• Description of the task: Exactly reproduce the lines of the listing below from the one containing "I Love Water" through the one containing "Tommy Gillece and". Skip the images.

• Provided data:
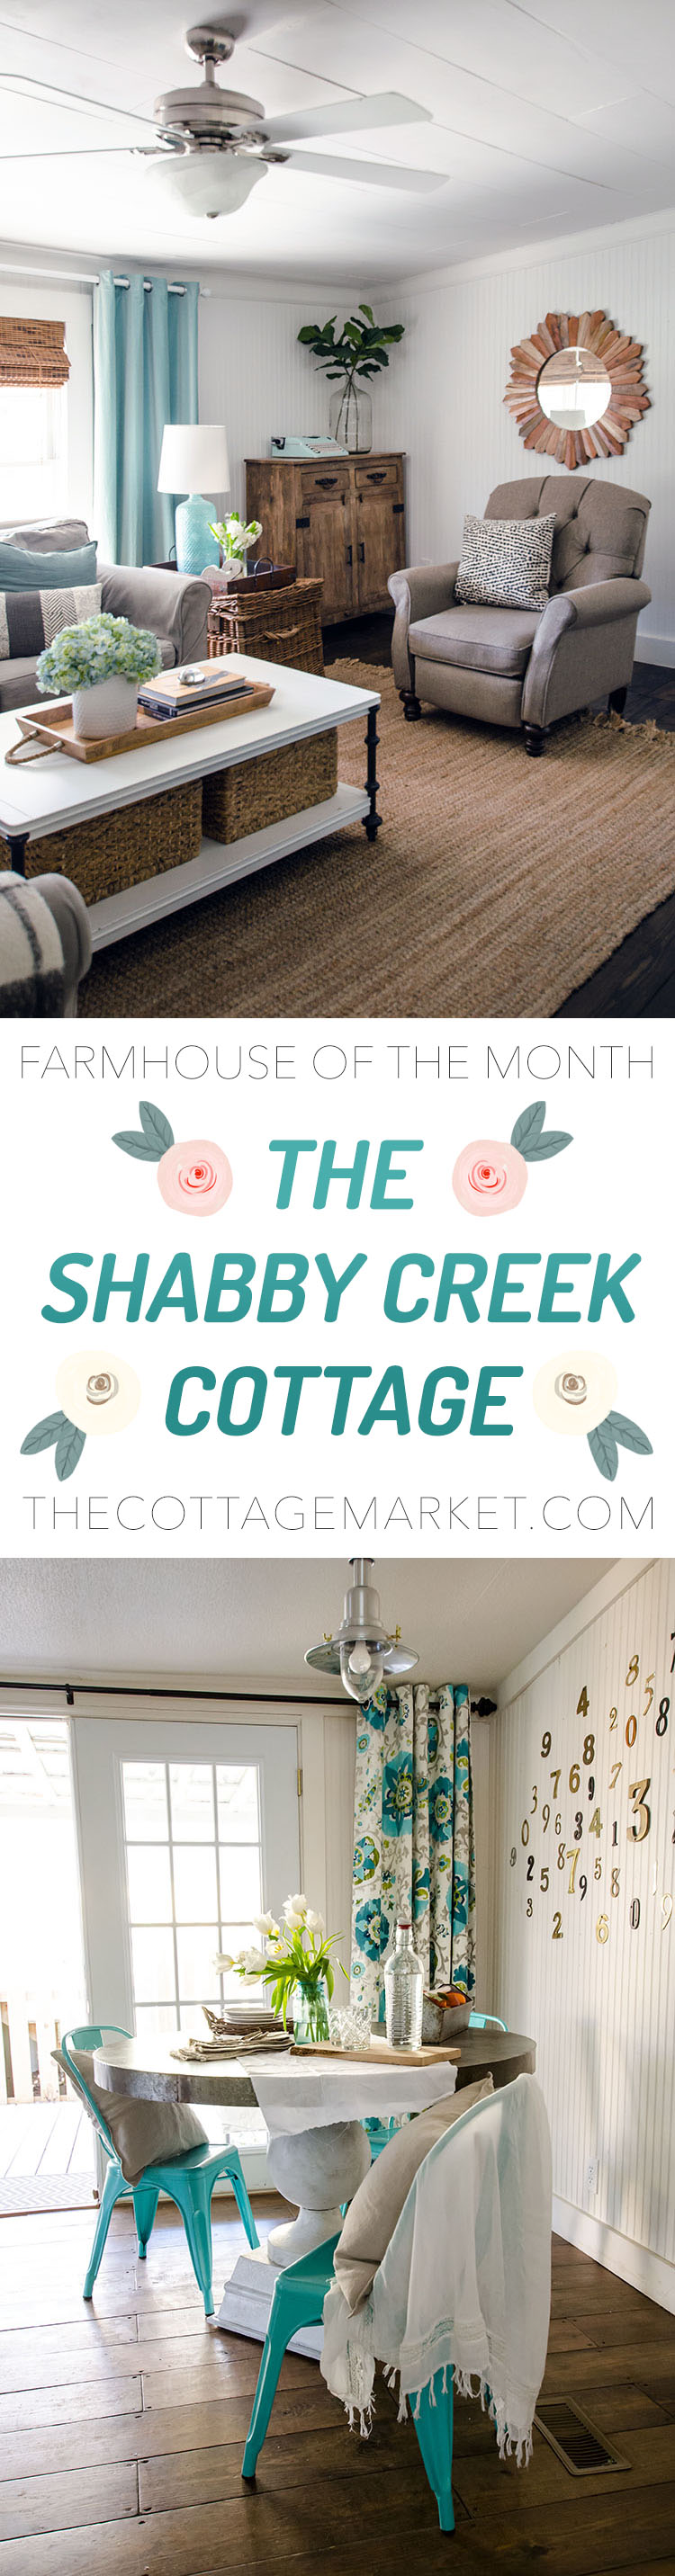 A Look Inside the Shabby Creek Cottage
...
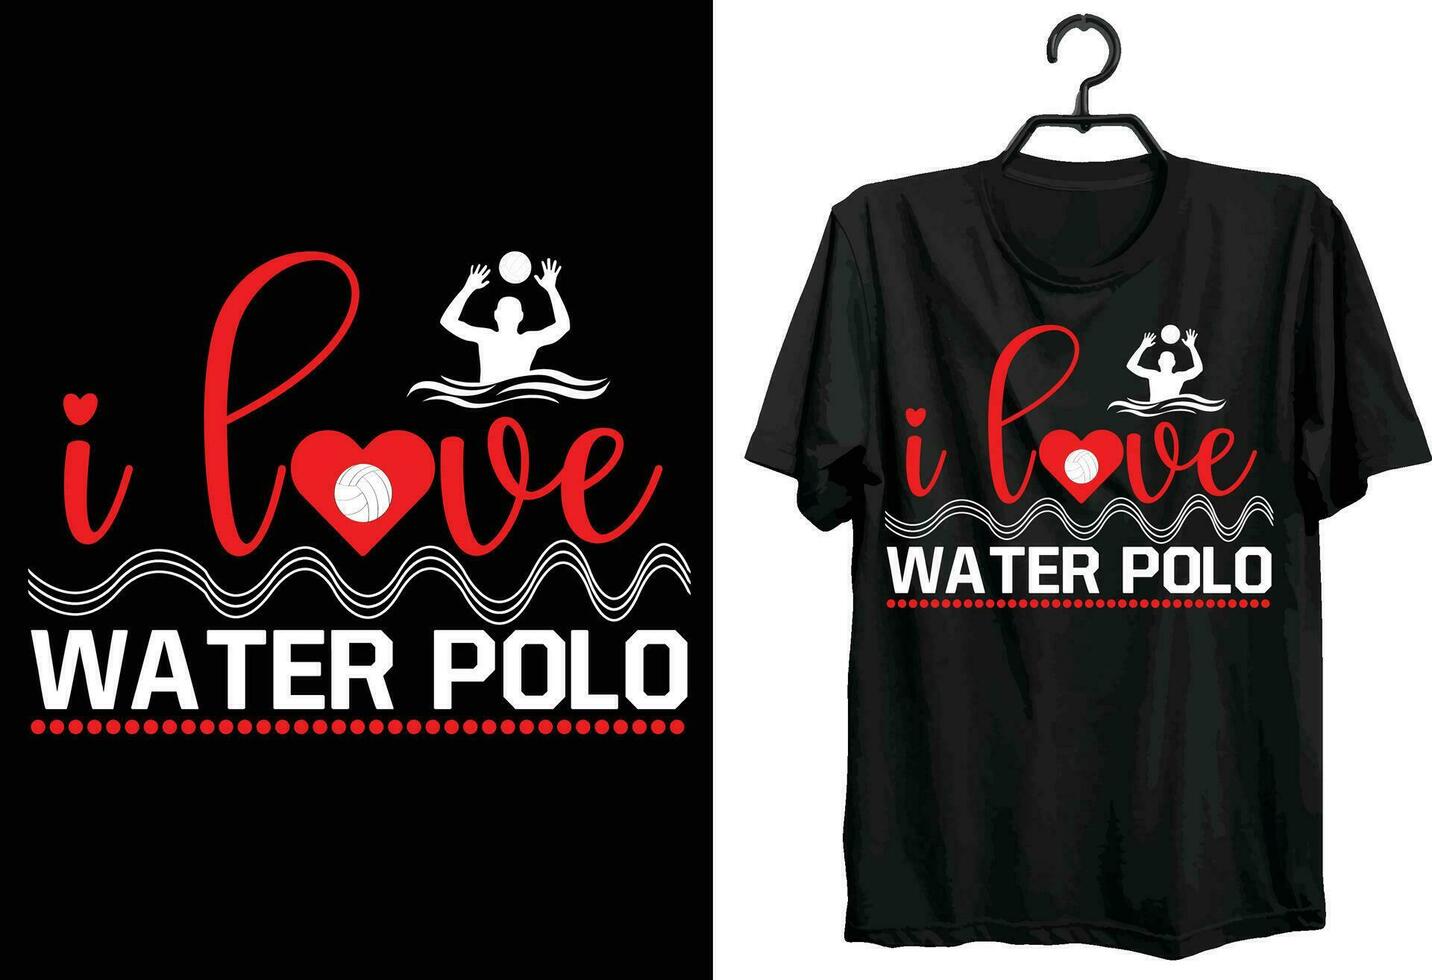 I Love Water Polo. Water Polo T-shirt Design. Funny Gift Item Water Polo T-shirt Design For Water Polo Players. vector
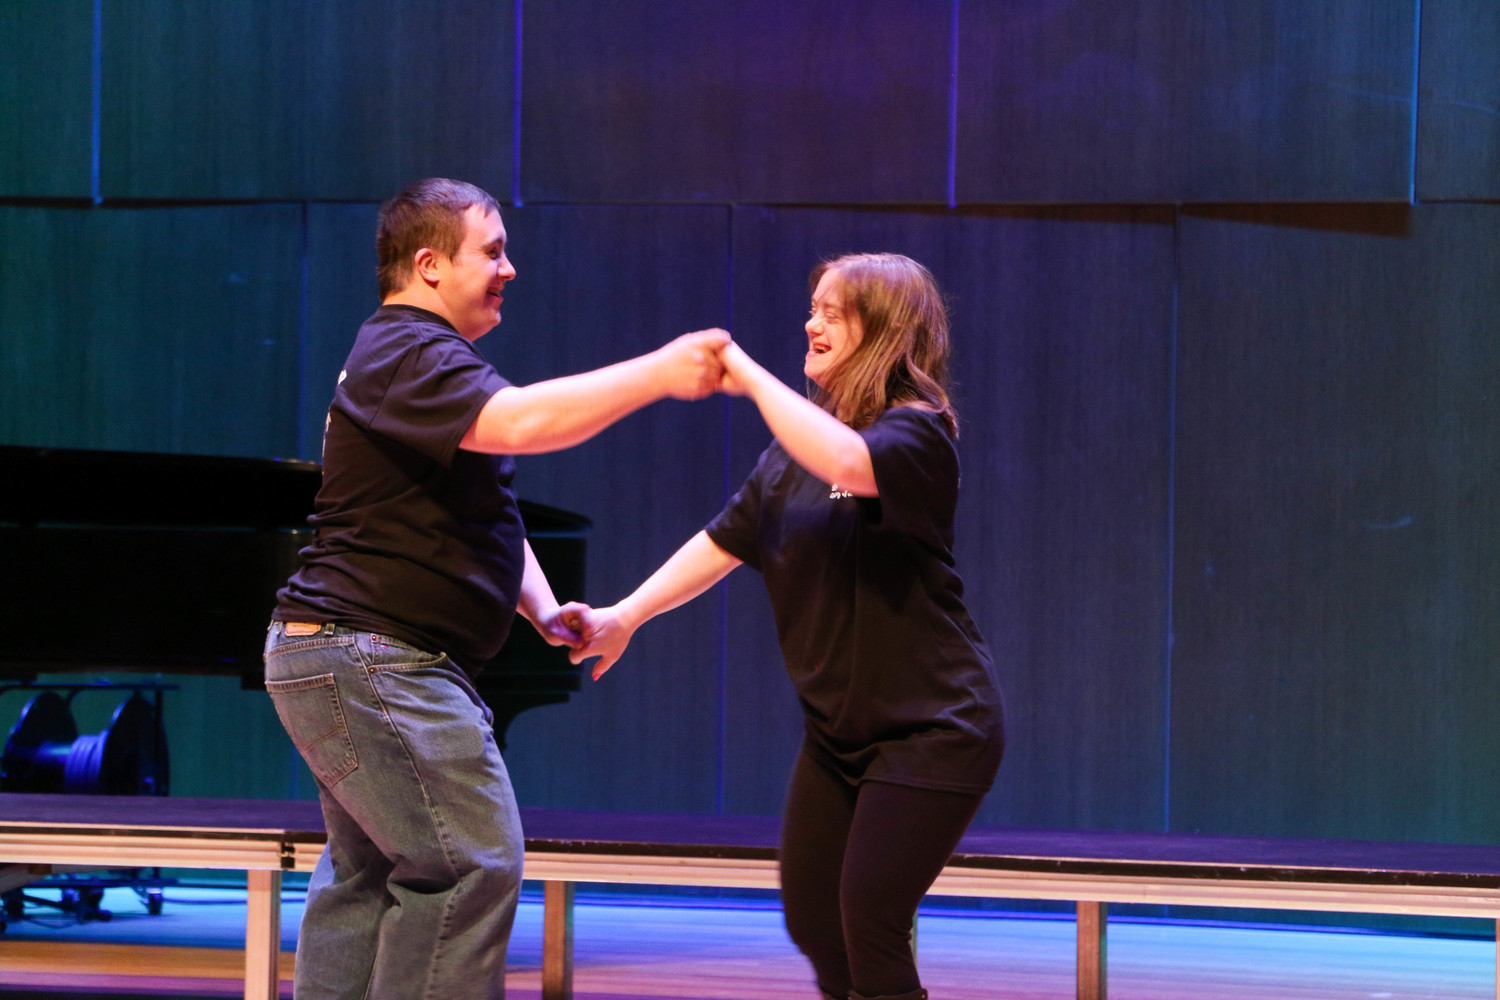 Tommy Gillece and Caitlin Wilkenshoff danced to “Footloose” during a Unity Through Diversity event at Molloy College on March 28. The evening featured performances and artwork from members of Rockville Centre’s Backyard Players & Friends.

• Answer to this problem:
 I Love Water Polo. Water Polo T-shirt Design. Funny Gift Item Water Polo T-shirt Design For Water Polo Players. vector
 Tommy Gillece and Caitlin Wilkenshoff danced to “Footloose” during a Unity Through Diversity event at Molloy College on March 28. The evening featured performances and artwork from members of Rockville Centre’s Backyard Players & Friends.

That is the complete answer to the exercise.